Essential Qualifications:

• 5+ years of hands‑on experience in Identity & Access Management or Security Engineering roles, with strong focus on CyberArk and PKI.
• Demonstrated enterprise experience implementing and operating CyberArk PAM solutions.
• Strong hands‑on experience with PKI concepts and technologies, including certificate lifecycle management, trust models, and cryptographic standards.
• Experience administering Microsoft AD Certificate Services (ADCS) and managing public SSL/TLS certificates.
• Solid understanding of privileged access concepts including credential vaulting, session management, and least privilege.
• Proficiency in scripting and automation using tools such as PowerShell or Python.
• Experience integrating CyberArk and PKI solutions with Active Directory, cloud platforms (Azure and/or AWS), and enterprise applications.
• Ability to independently own complex technical implementations while collaborating across a global organization.
• Strong troubleshooting, documentation, and communication skills.

Desirable Qualifications:

• Bachelor’s degree in Computer Science, Information Security, Engineering, or a related technical discipline.
• CyberArk certifications such as CyberArk Defender or equivalent.
• Experience with certificate management platforms such as Keyfactor or Venafi.
• Experience integrating PAM or PKI into CI/CD pipelines, DevOps workflows, or secrets management solutions.
• Familiarity with security and compliance frameworks such as SOX, ISO 27001, or NIST.
• Experience operating IAM or security platforms within a large, global, or highly regulated enterprise.

About UMG UK: We are Universal Music Group UK – the UK’s leading music‑based entertainment company.
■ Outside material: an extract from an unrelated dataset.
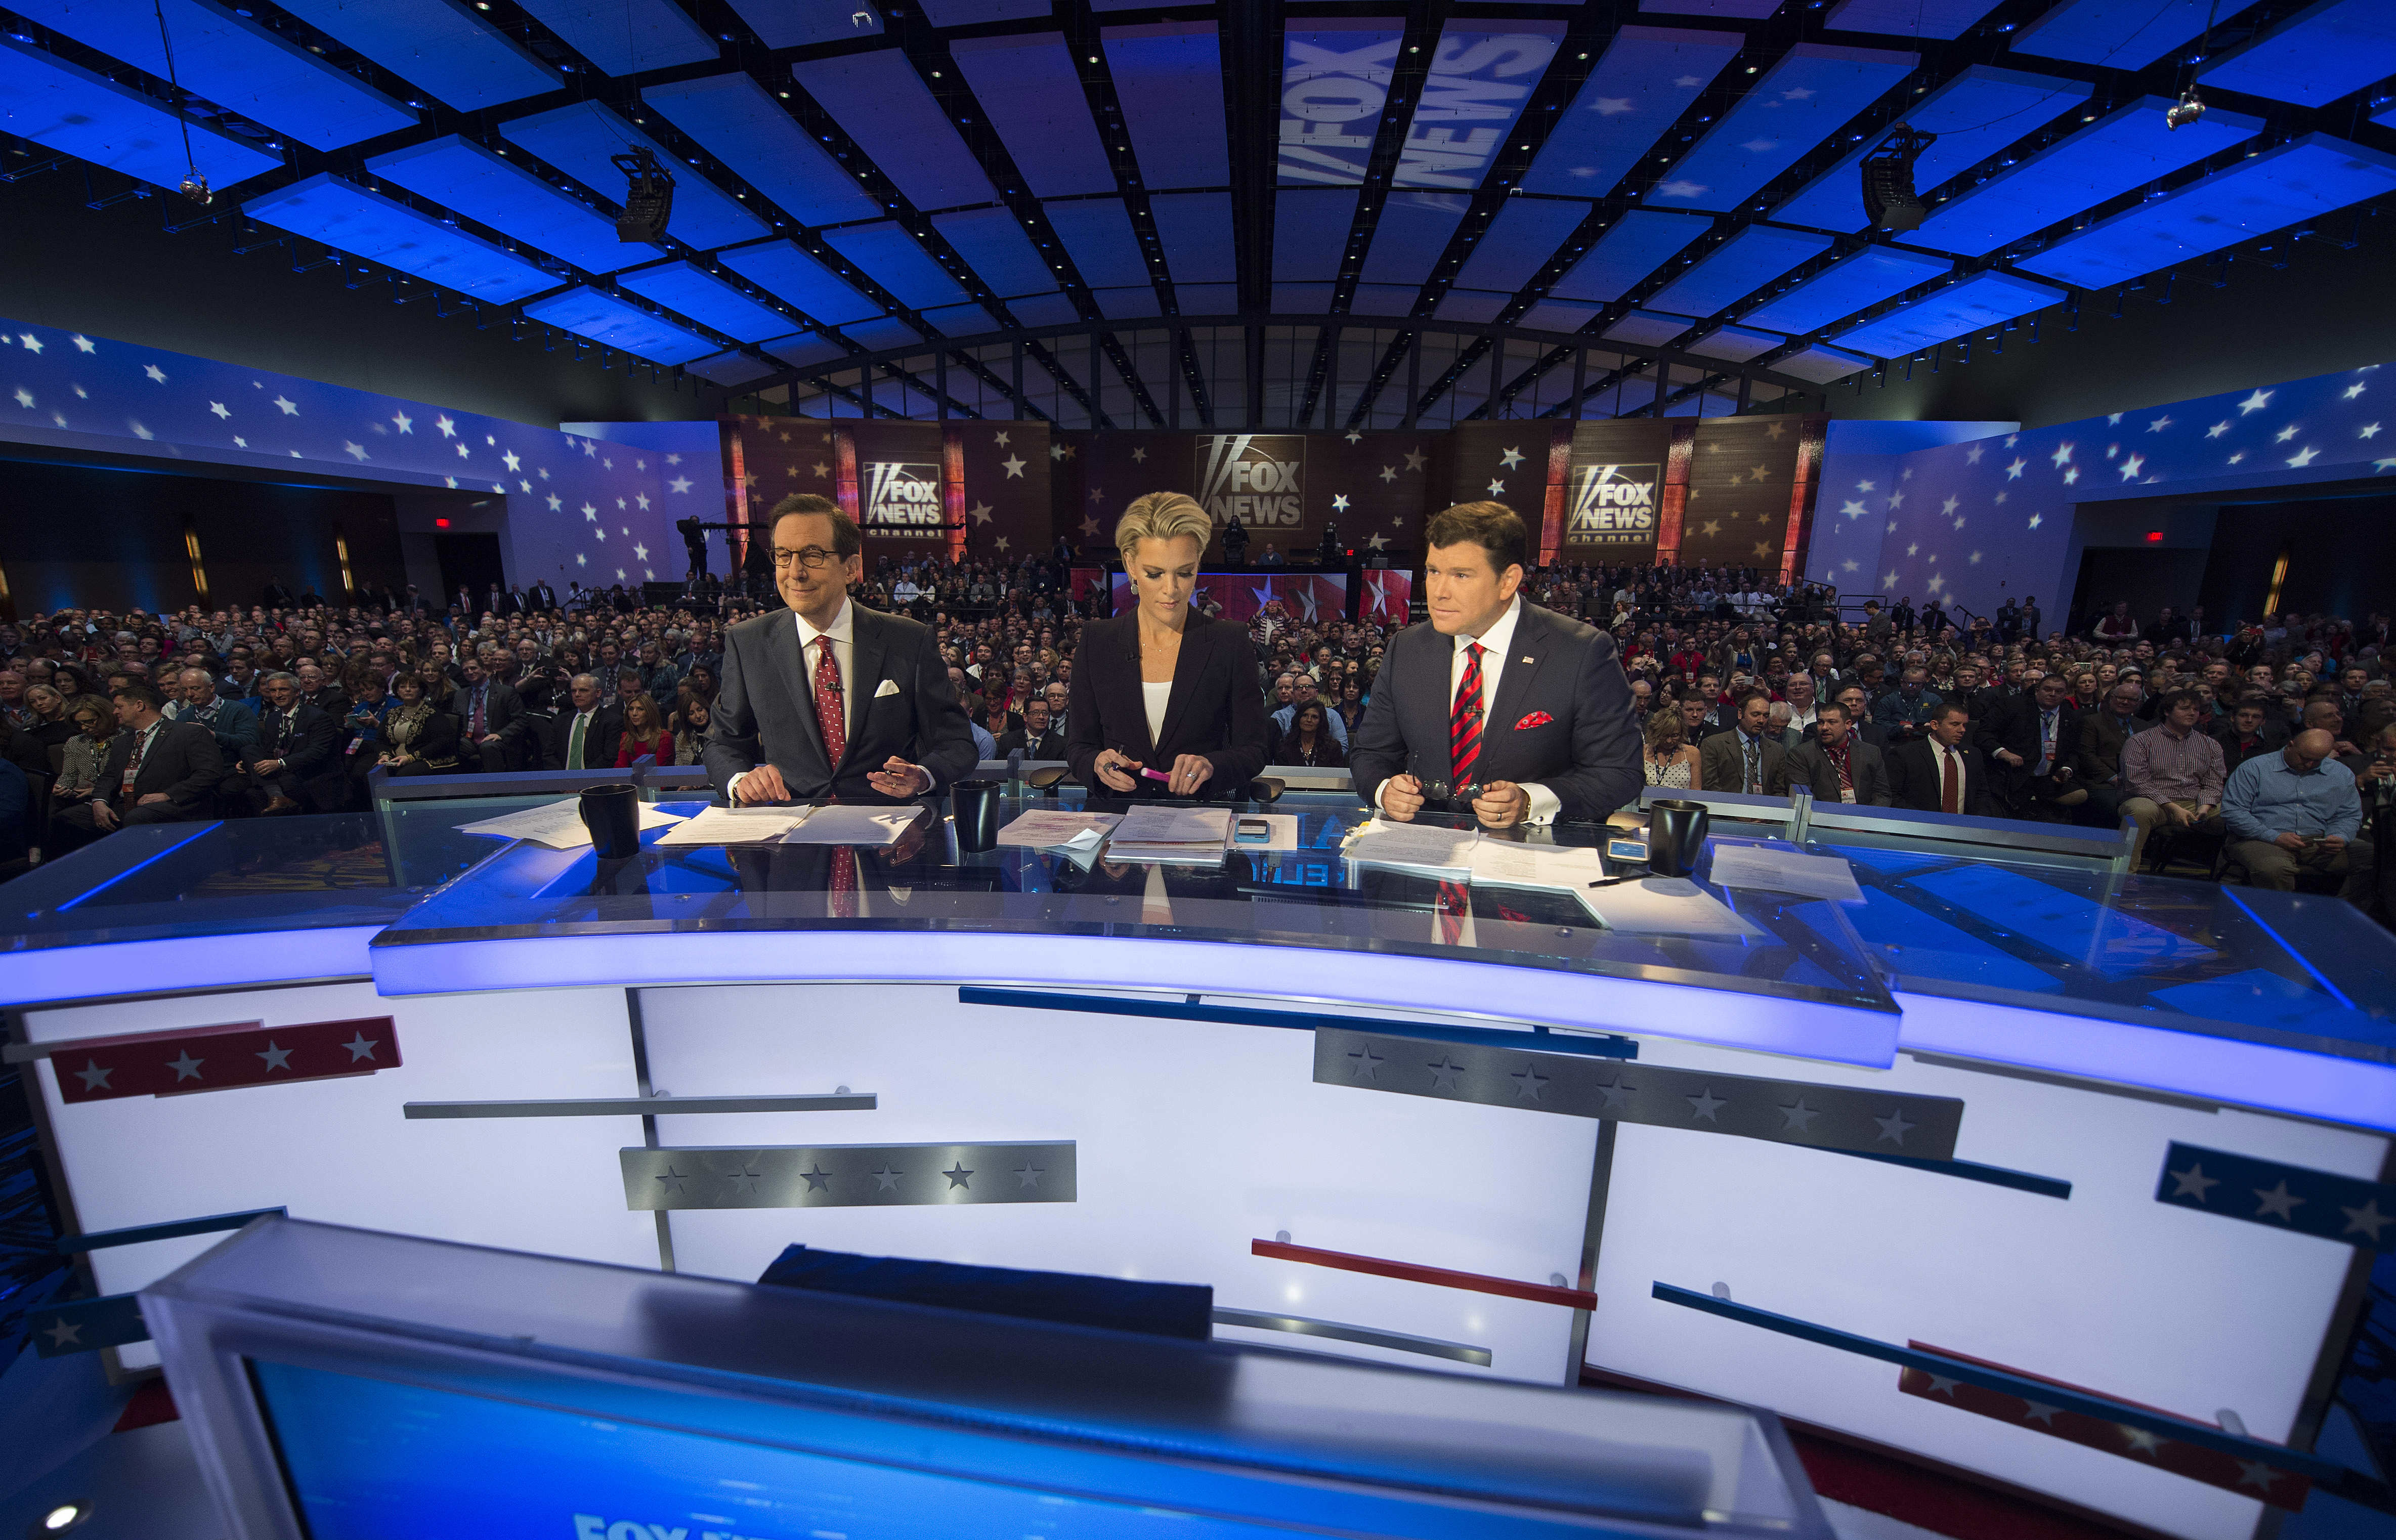 How to watch tonight's Republican debate CBS News
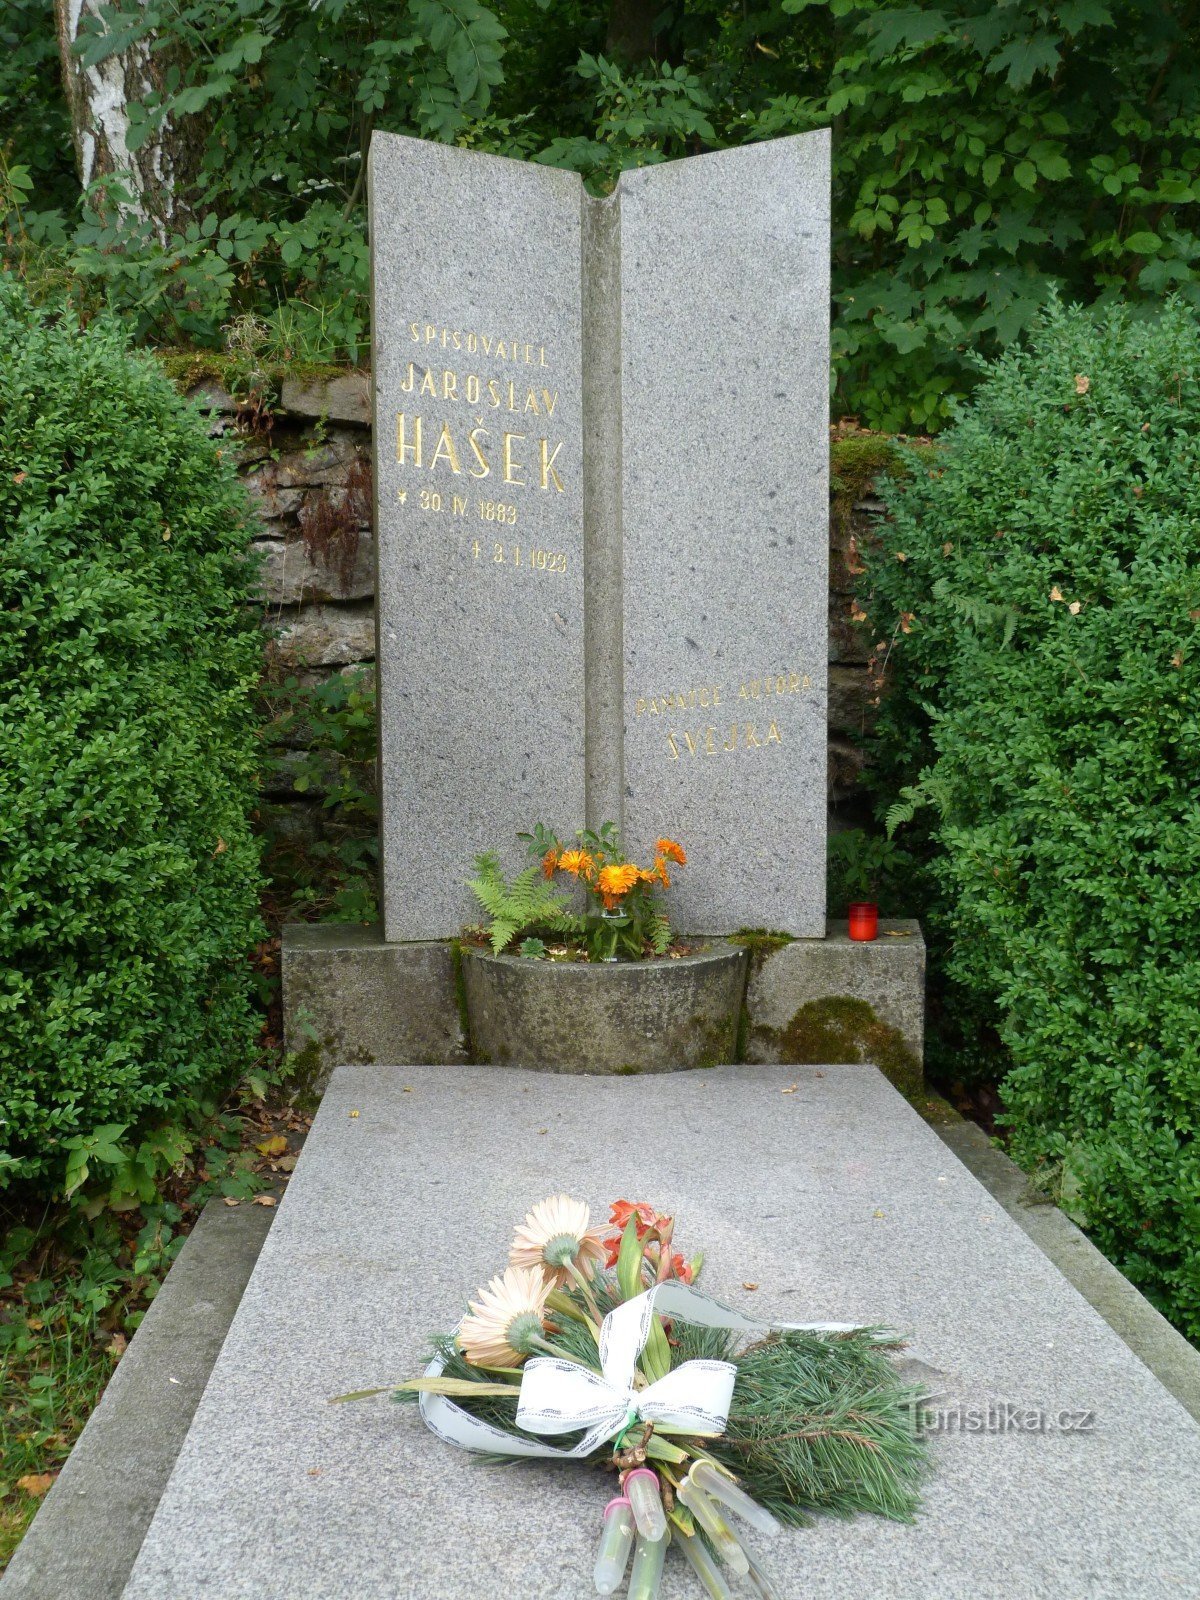 Casa e memorial de Jaroslav Hašek

We exist to shape culture through the power of artistry. We help UK artists produce, distribute and promote the most critically acclaimed and commercially successful music to inspire and entertain fans at home and around the world.

Bonus Tracks: Your Benefits:

• Group Personal Pension Scheme (between 3% and 9%)
• Private Medical Insurance
• 25 paid days of annual leave
• Interest Free Season Ticket Loan
• Holiday Purchase scheme
• Dental and Travel Insurance options
• Cycle to Work Scheme
• Salary Sacrifice Cars
• Subsidised Gym Membership
• Employee Discounts (Reward Gateway)

Just So You Know… The company presents this job description as a guide to the major areas and duties for which the jobholder is accountable. However, the business operates in an environment that demands change and the jobholder's specific responsibilities and activities will vary and develop. Therefore, the job description should be seen as indicative and not as a permanent, definitive, and exhaustive statement.